Глянул на гребень высотки – там надгробными плитами врагу стояли уже восемь остовов танков, но целых не было – тоже отошли. Вот в чём дело! Там немец отошёл, и пушки батальона ударили по «моим» танкам.
Опять начался обстрел. Прекратился он только из-за прилёта пяти «лапотников». Ещё где-то двоих потеряли. Эти отбомбились, опять немец начал нас с землёй смешивать. Песок скрипел у меня на зубах, я совершенно оглох. Меня один раз завалило землёй, два раза выкапывал своих бойцов.
То есть во время бомбёжки я совершенно не наблюдал за противником, а он, оказалось, обошел нас, его танки и БТРы с пехотой ушли на восток. Против нас остались только те, что уже увязли в бою с нами. И как только обстрел и бомбёжки кончились, они решили нас раздавить последним ударом, опять пошли в атаку. Именно пошли, не побежали.

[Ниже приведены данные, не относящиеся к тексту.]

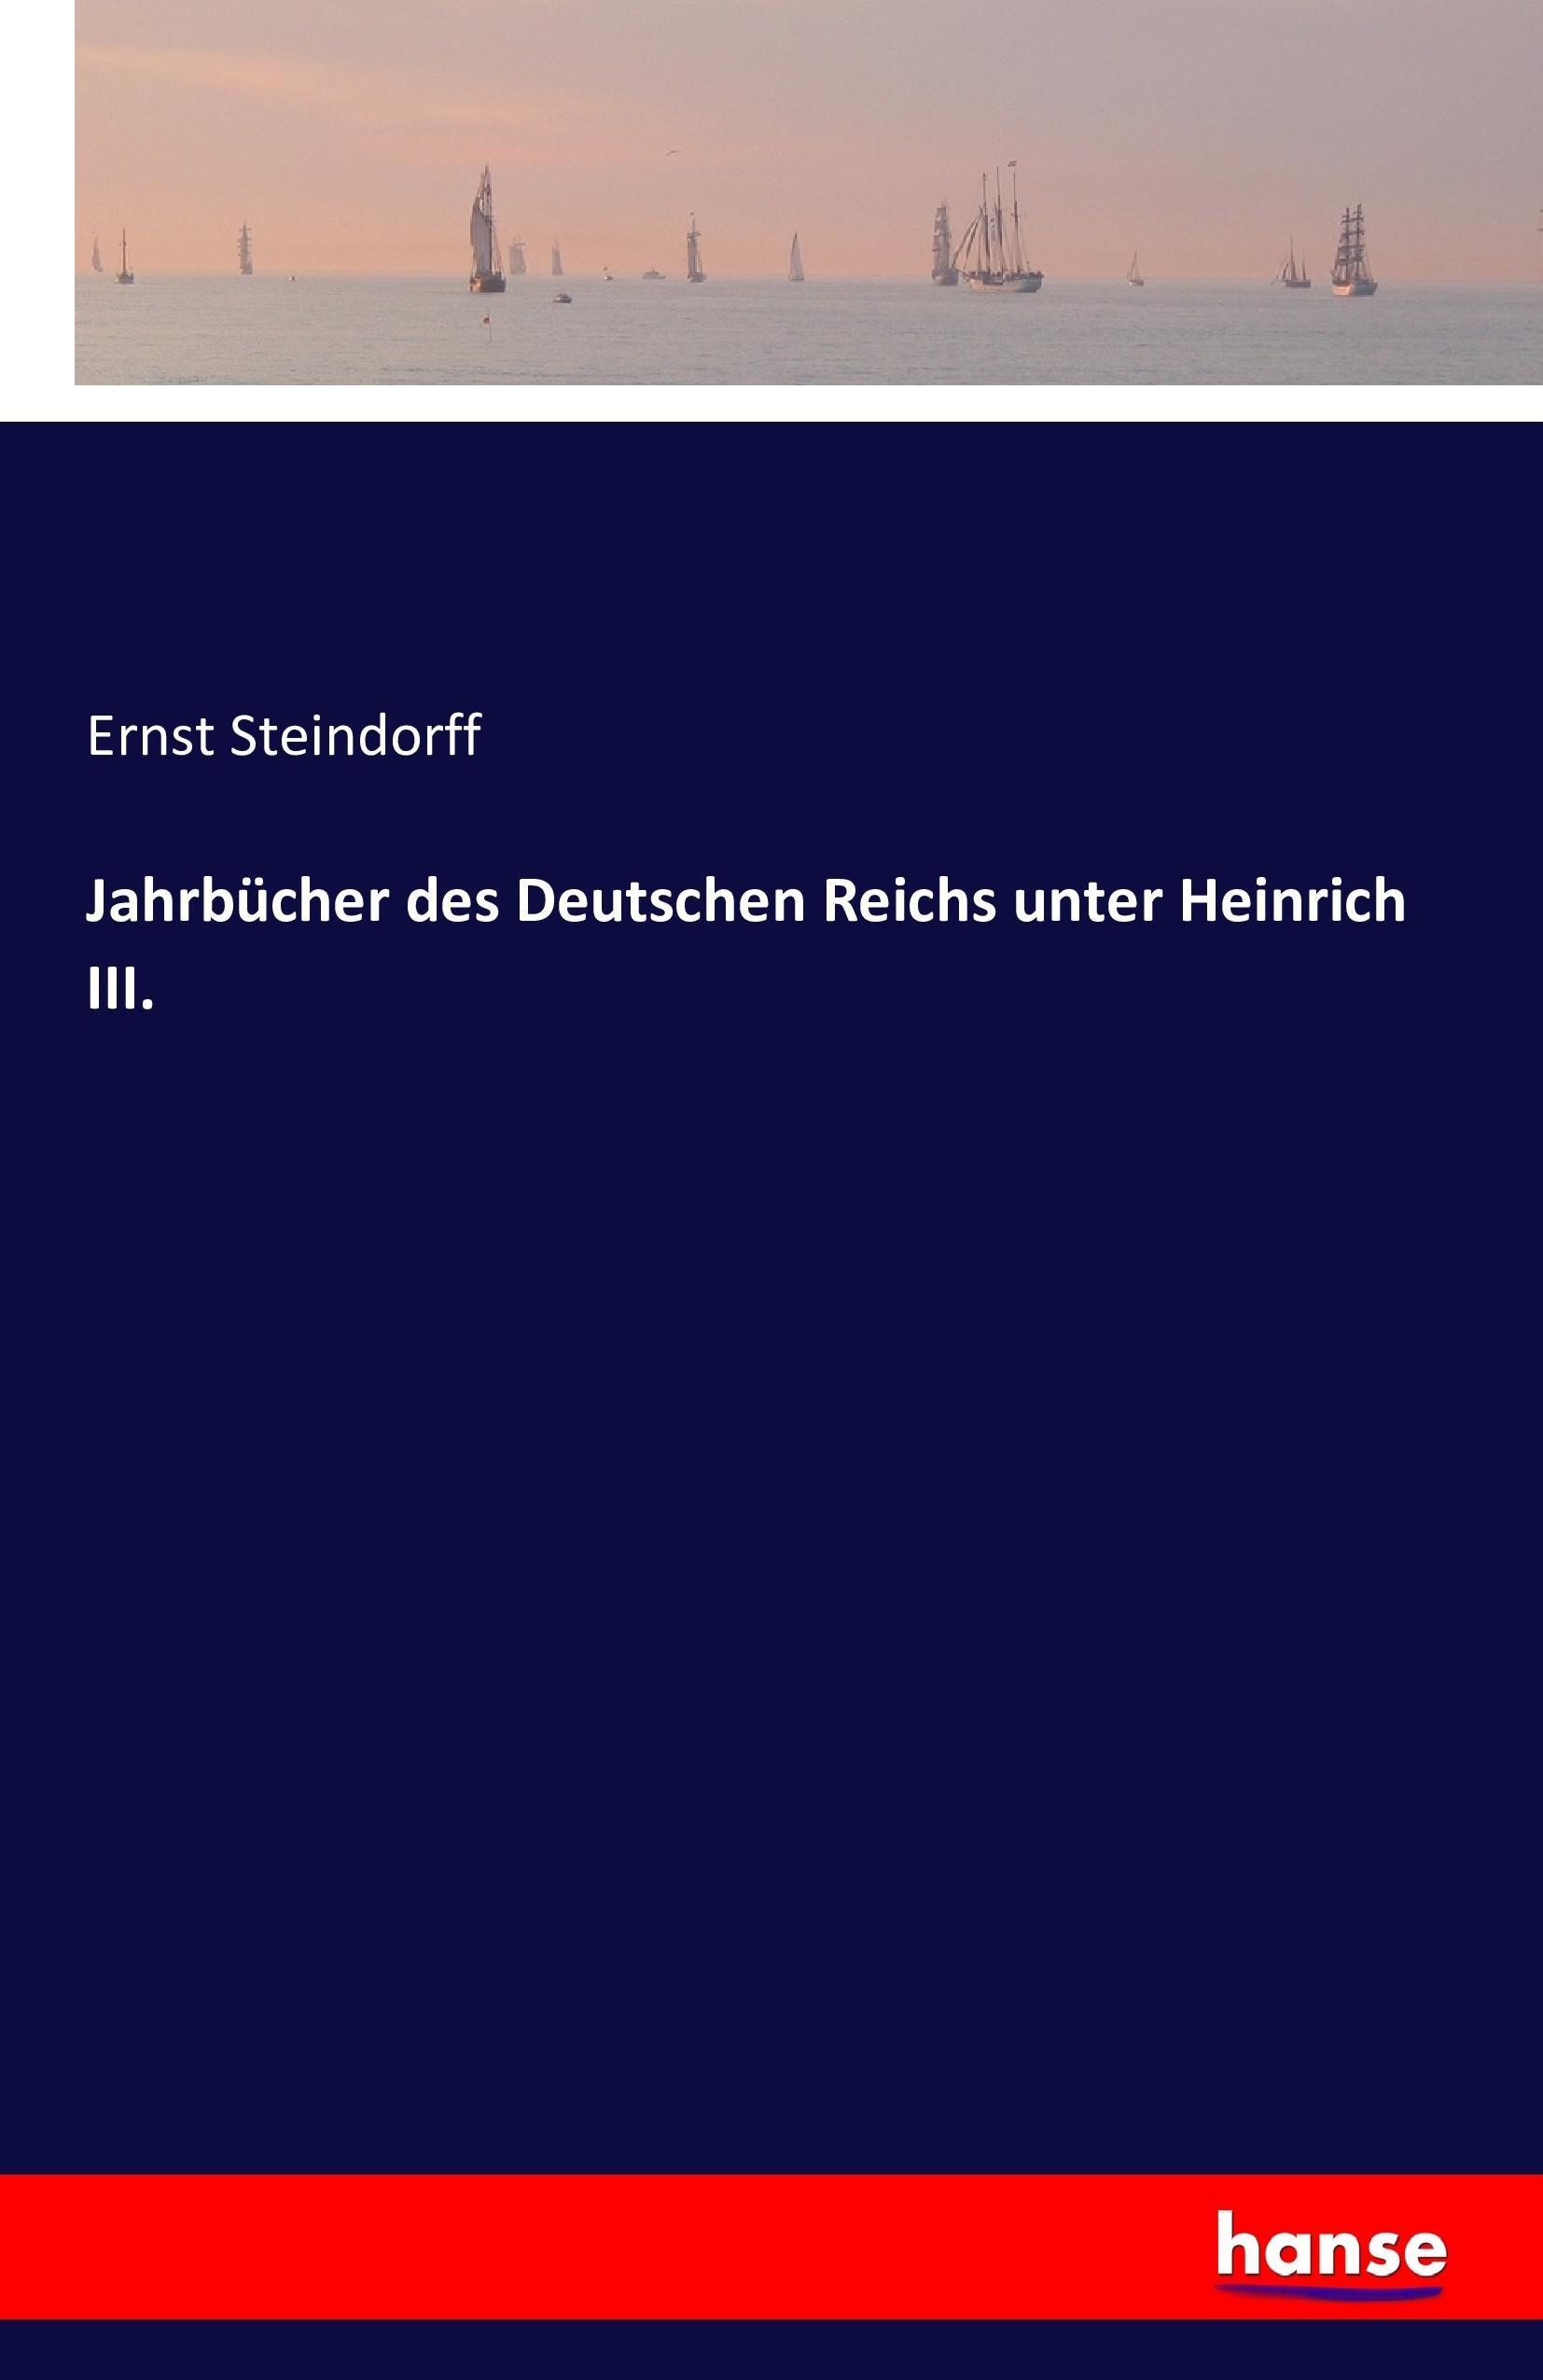 Jahrbuecher des Deutschen Reichs unter Heinrich III. - Steindorff, Ernst

– Не стрелять! – крикнул я. Голос был сильно охрипший. Не знаю, слышал меня кто или нет – я сам себя почти не слышал. – Подпускай ближе!
Идут, как на прогулке. Как беляки в психической атаке. Щас! Посмотрим, чья психика крепче!
Я перекинул автомат на грудь, потряс, стряхивая землю. Оглянулся. Мало. Нас осталось так мало.
– Приготовиться!
Двести пятьдесят. Двести. Сто пятьдесят. Пора!
– Огонь!
Я стал стрелять. Затараторили пулемёты. А вот автоматов и винтовок стреляло мало. Ребята заменили выбывших пулемётчиков?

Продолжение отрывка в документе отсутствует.